§ **WORK REQUIRED**
Please reproduce exactly, and only, the lines from the one with "Image of Adidas" through the last line of the listing below, both ends included, leaving out the pictures.

§ **DATA BLOCK**
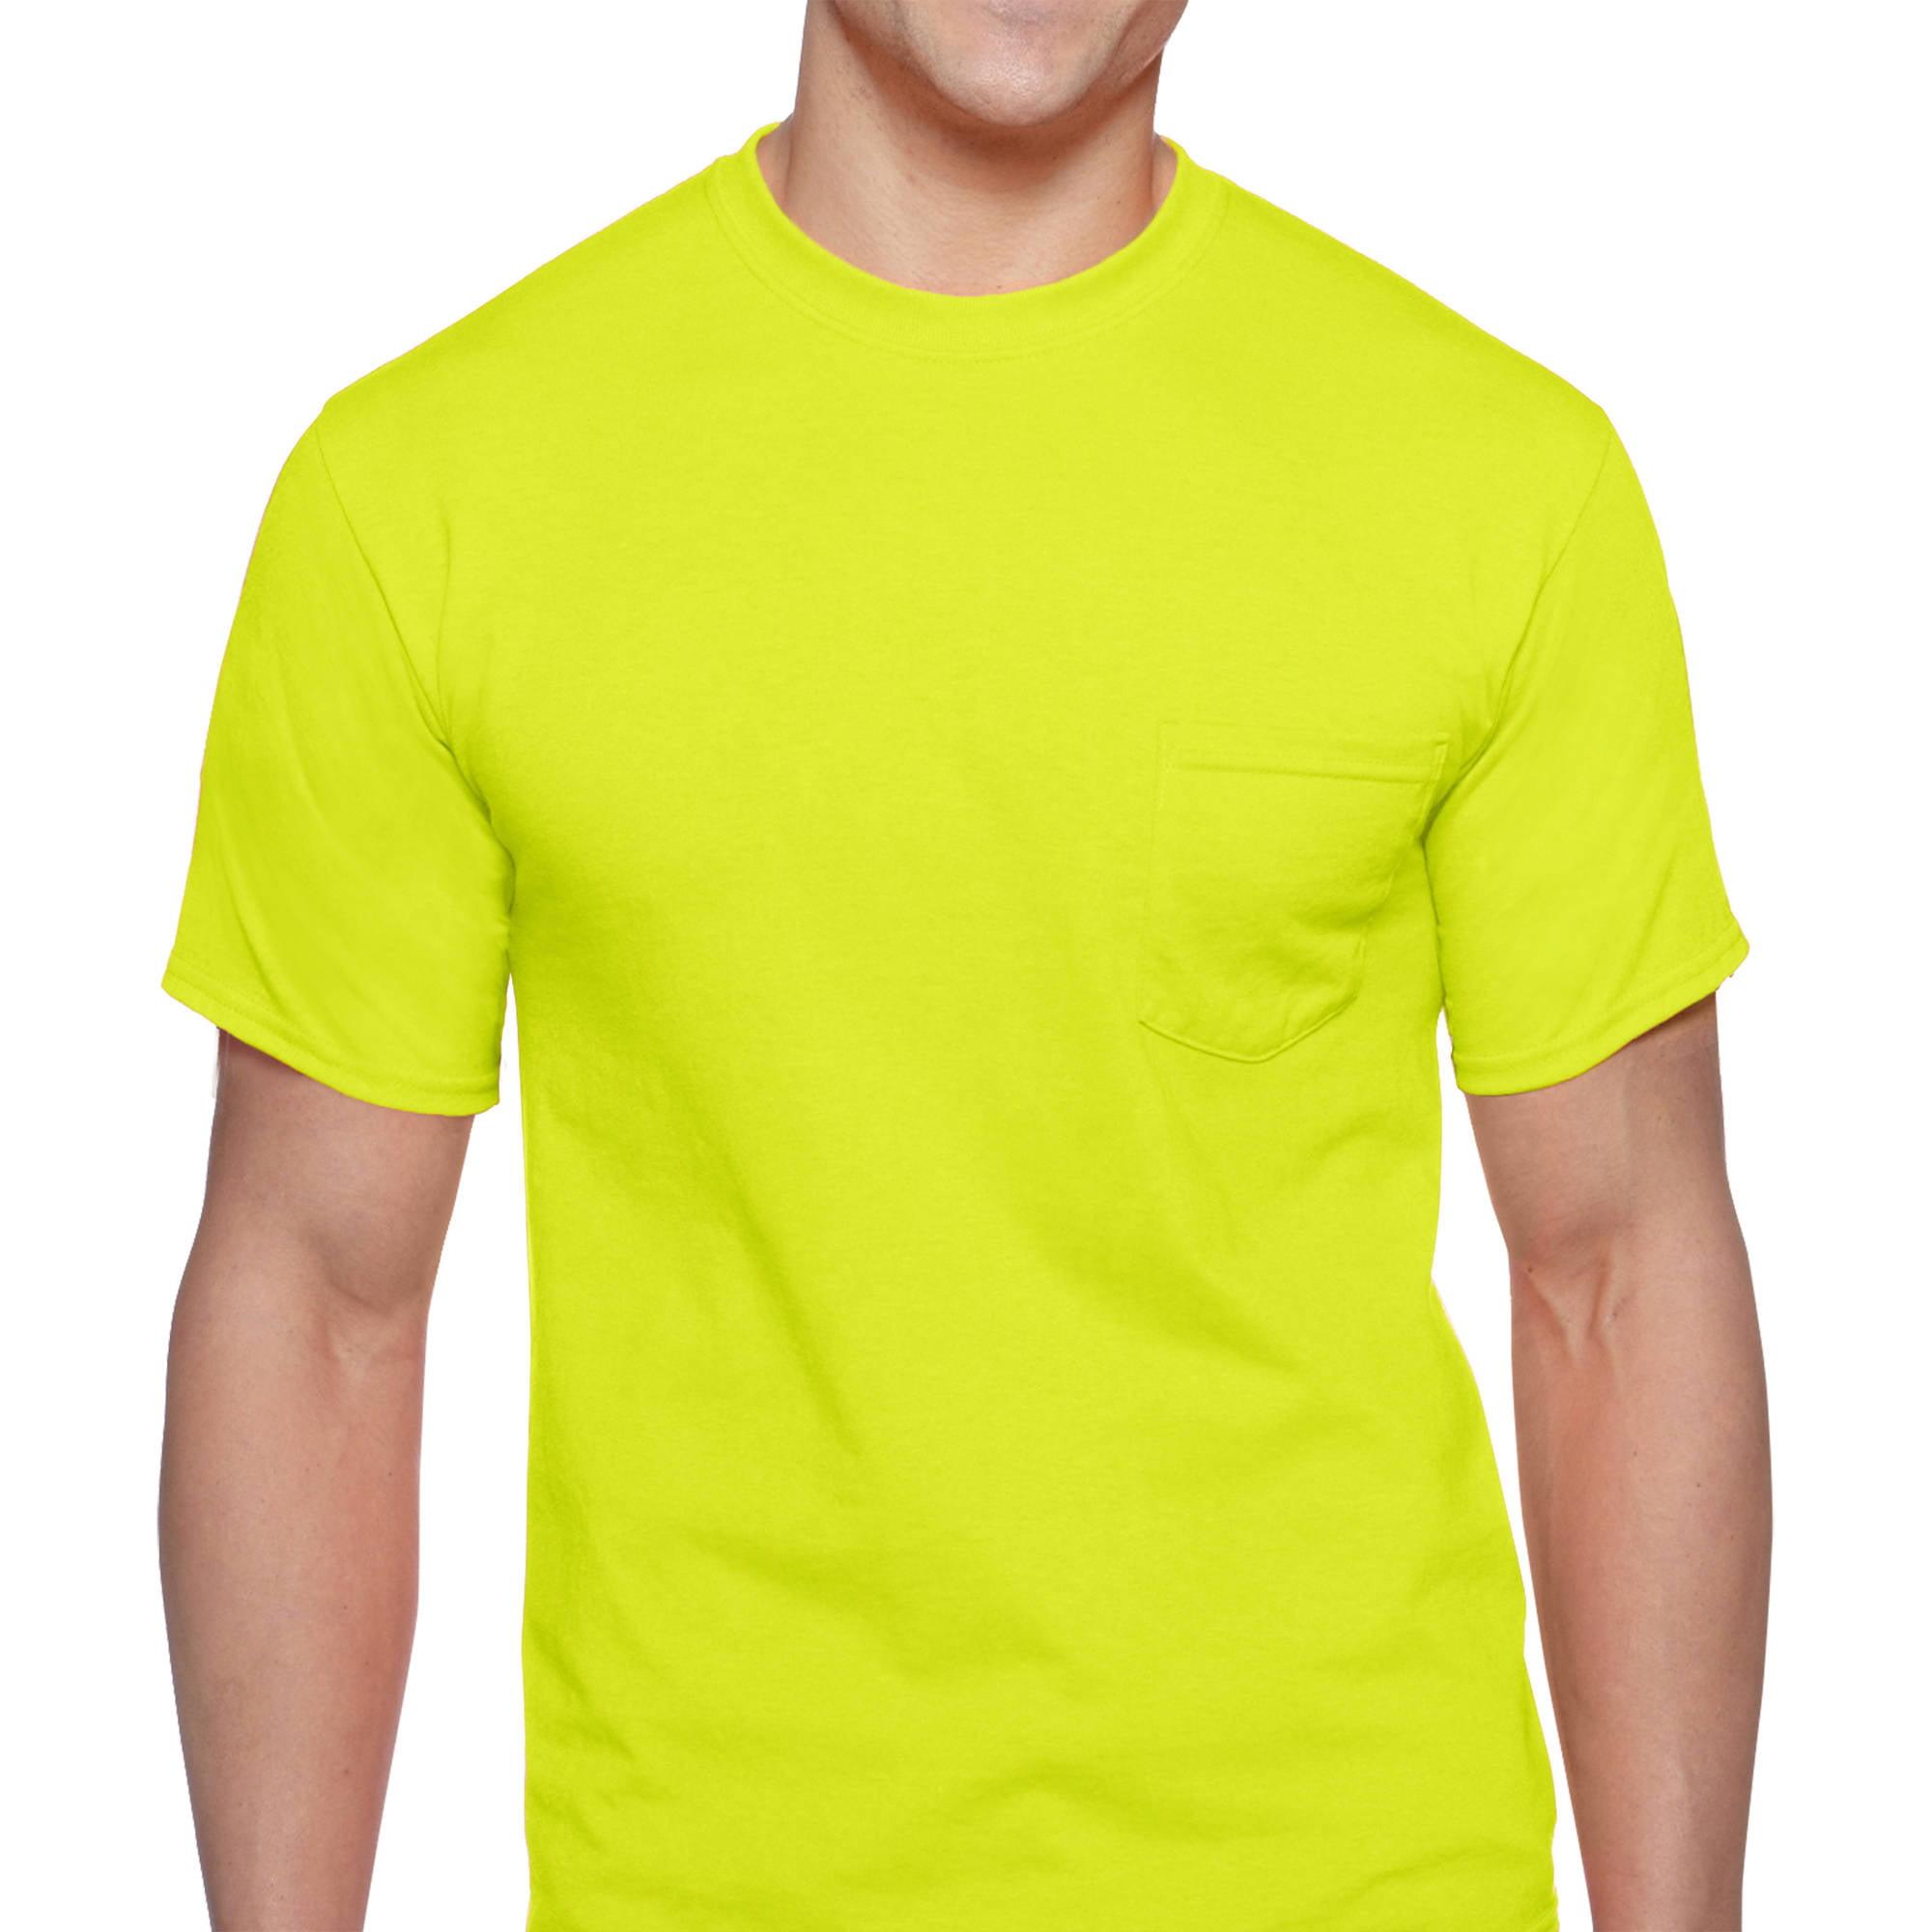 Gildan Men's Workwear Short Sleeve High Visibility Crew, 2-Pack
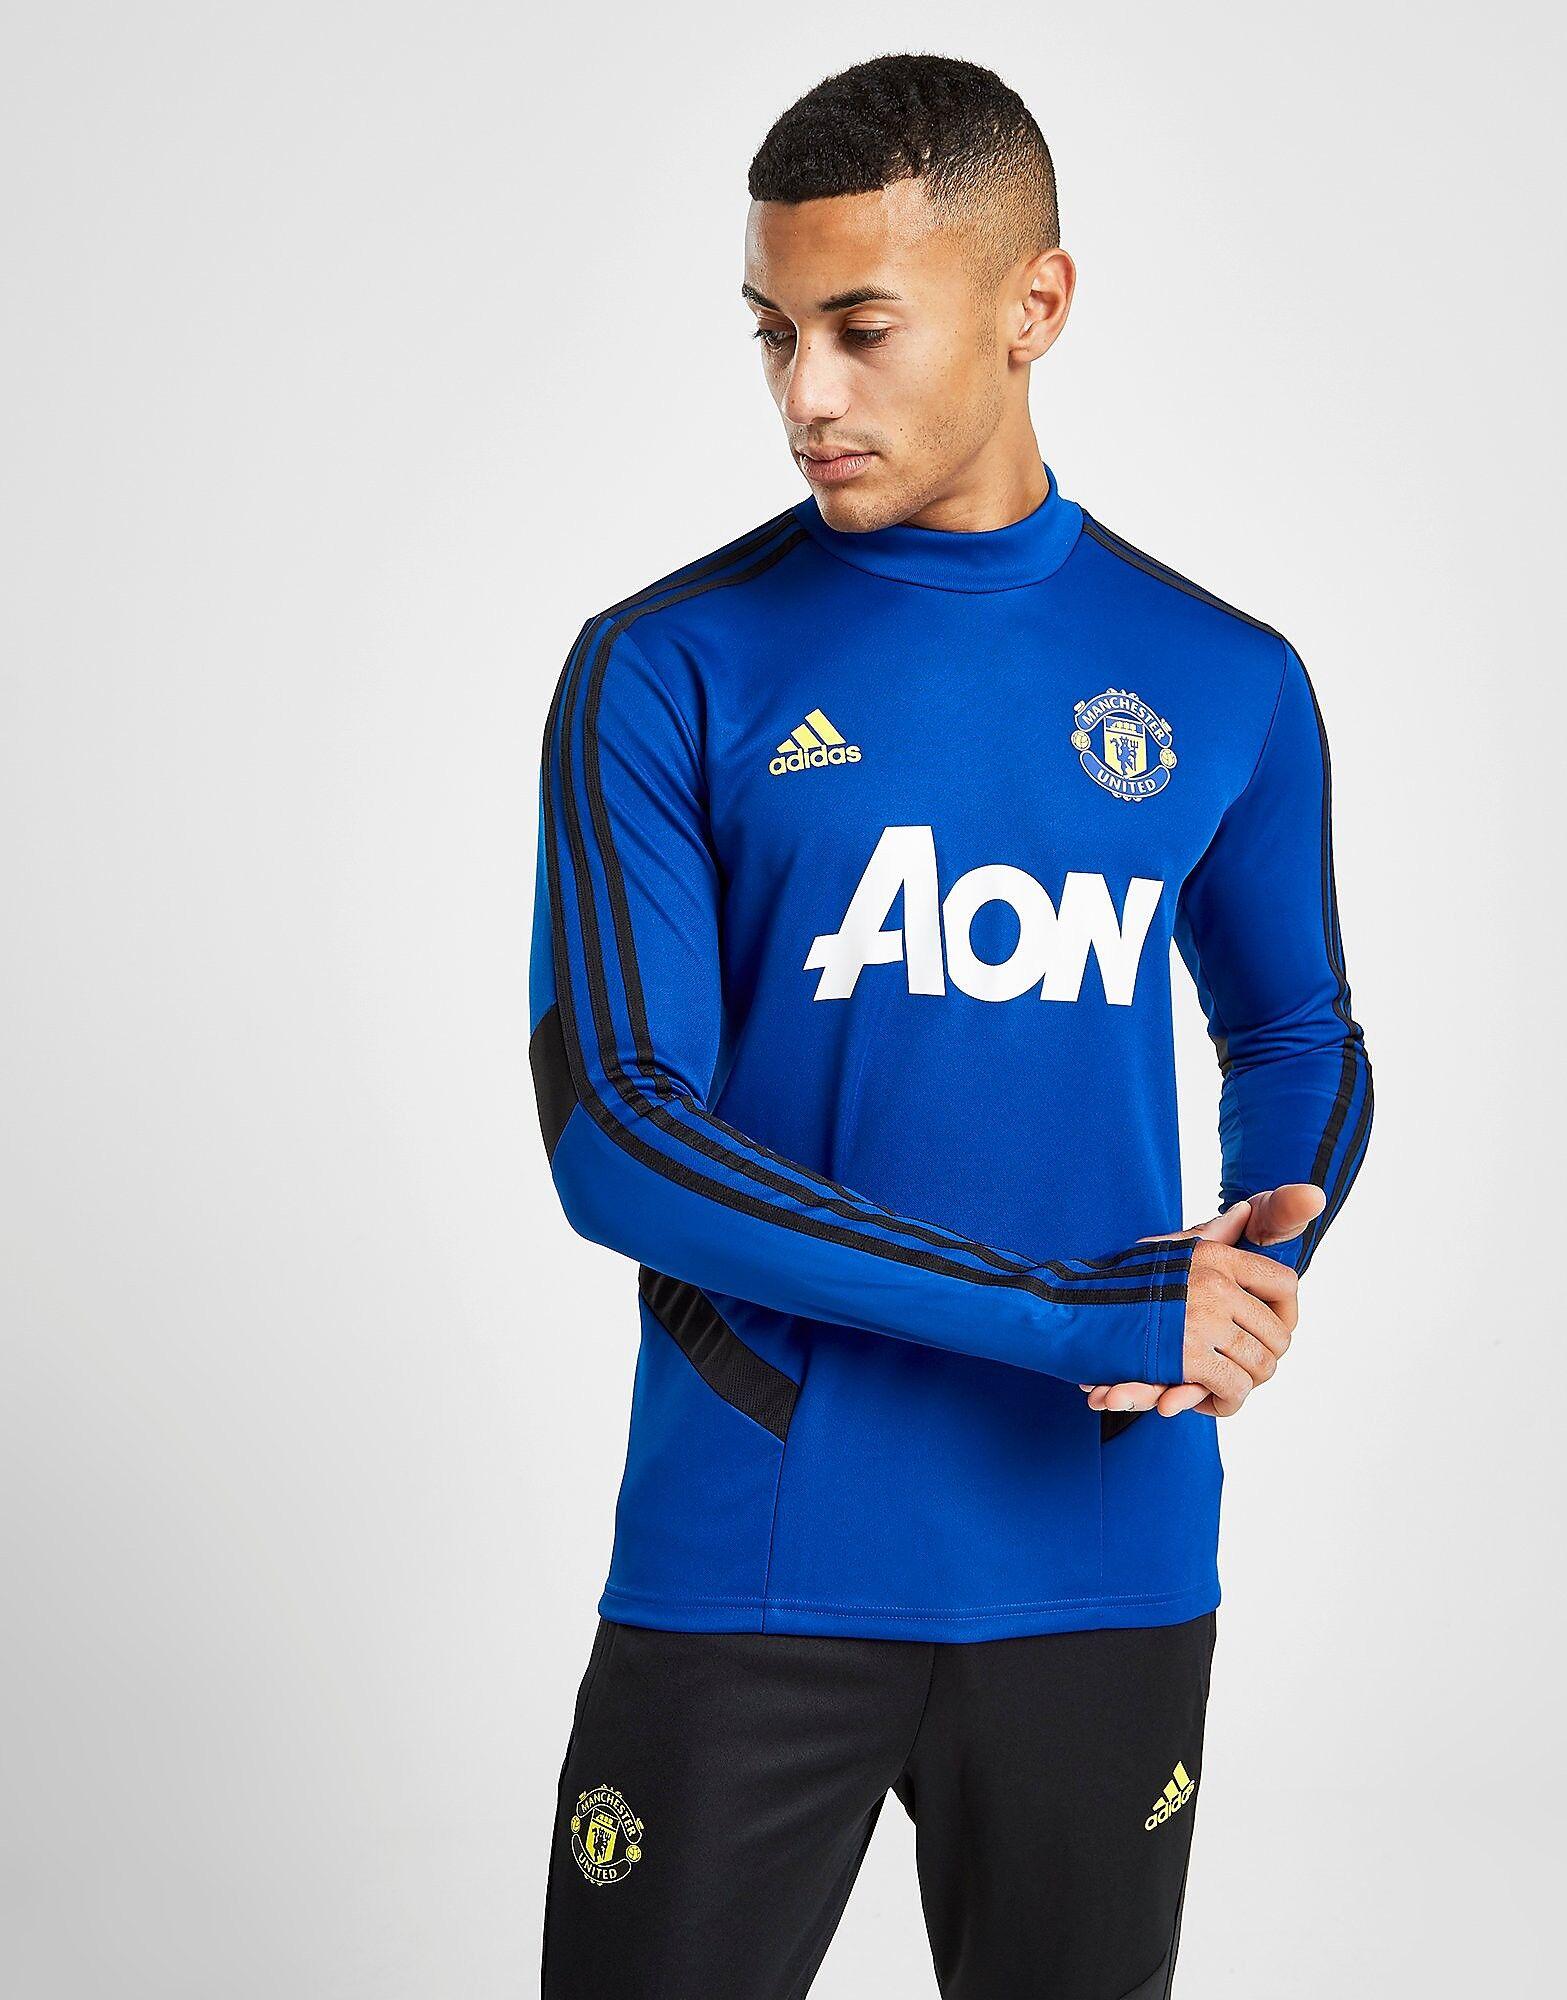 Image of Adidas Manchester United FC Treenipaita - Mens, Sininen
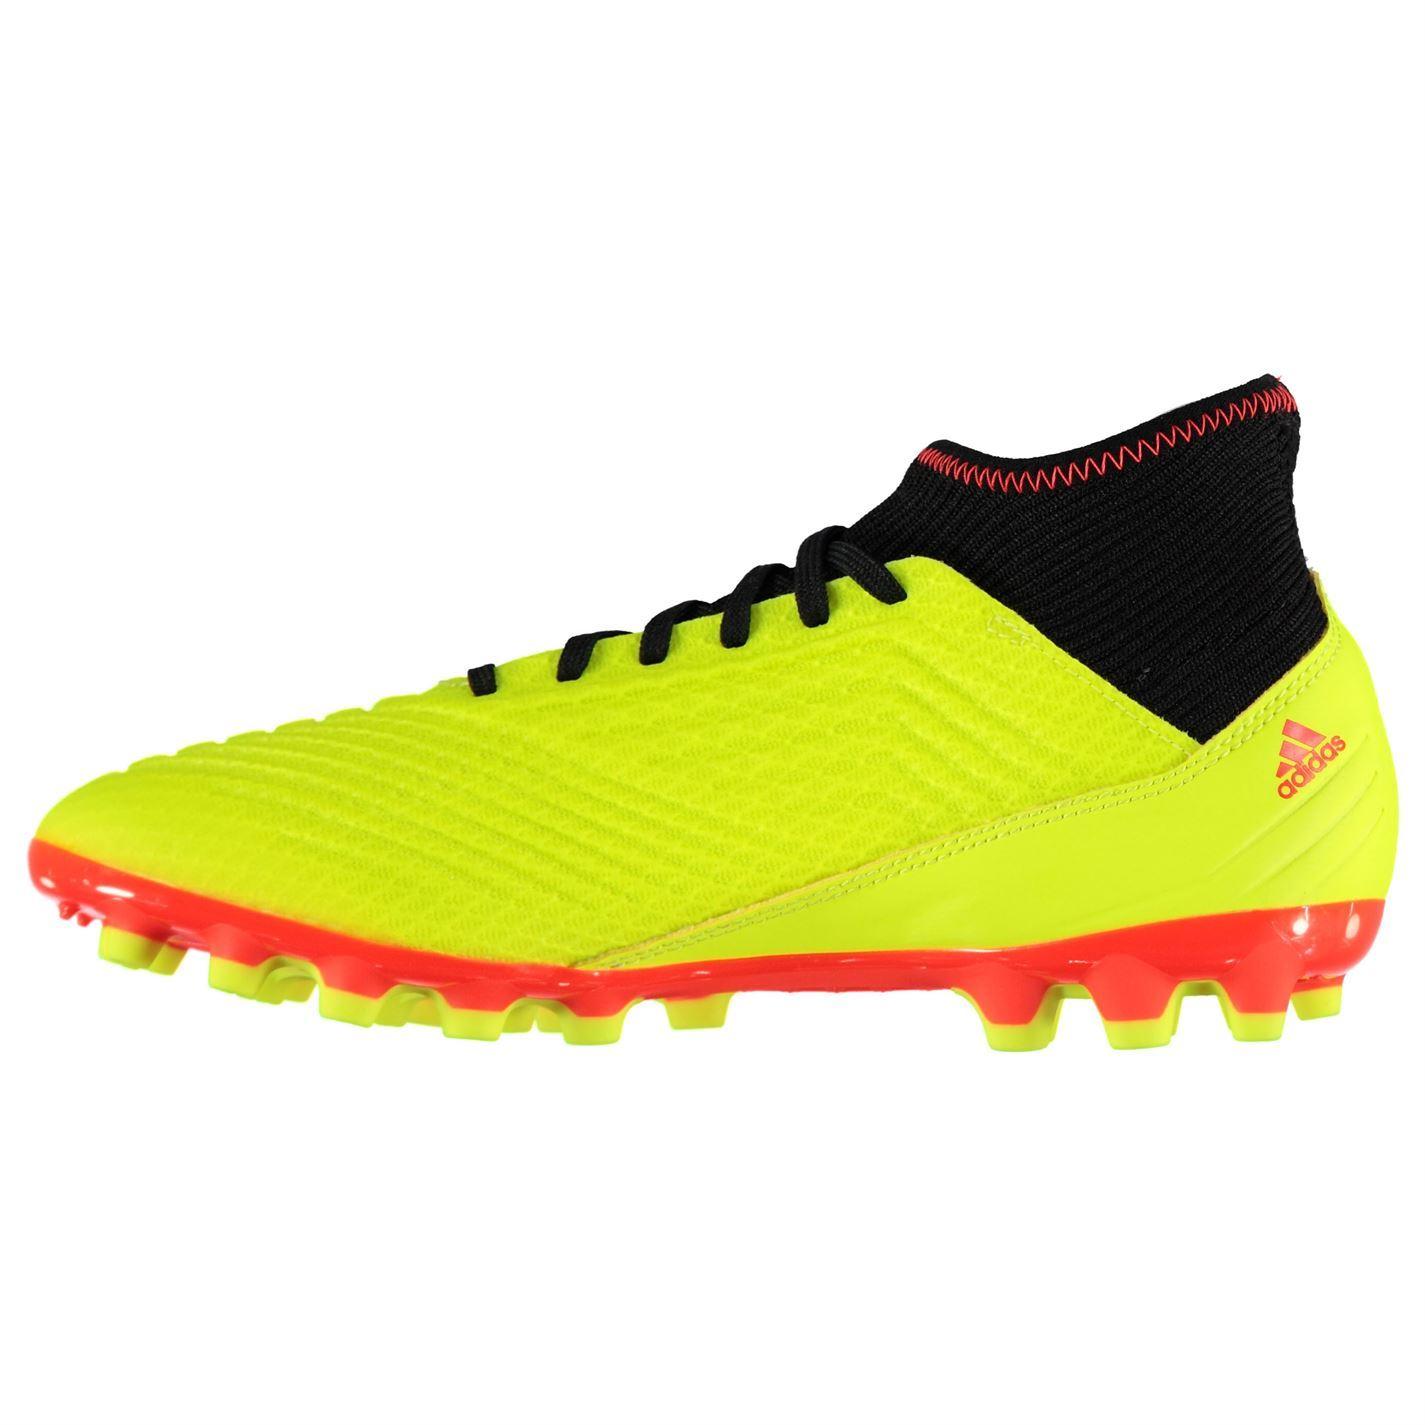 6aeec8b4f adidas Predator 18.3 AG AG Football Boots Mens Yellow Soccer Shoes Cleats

§ **TASK OUTPUT**
 Image of Adidas Manchester United FC Treenipaita - Mens, Sininen
 6aeec8b4f adidas Predator 18.3 AG AG Football Boots Mens Yellow Soccer Shoes Cleats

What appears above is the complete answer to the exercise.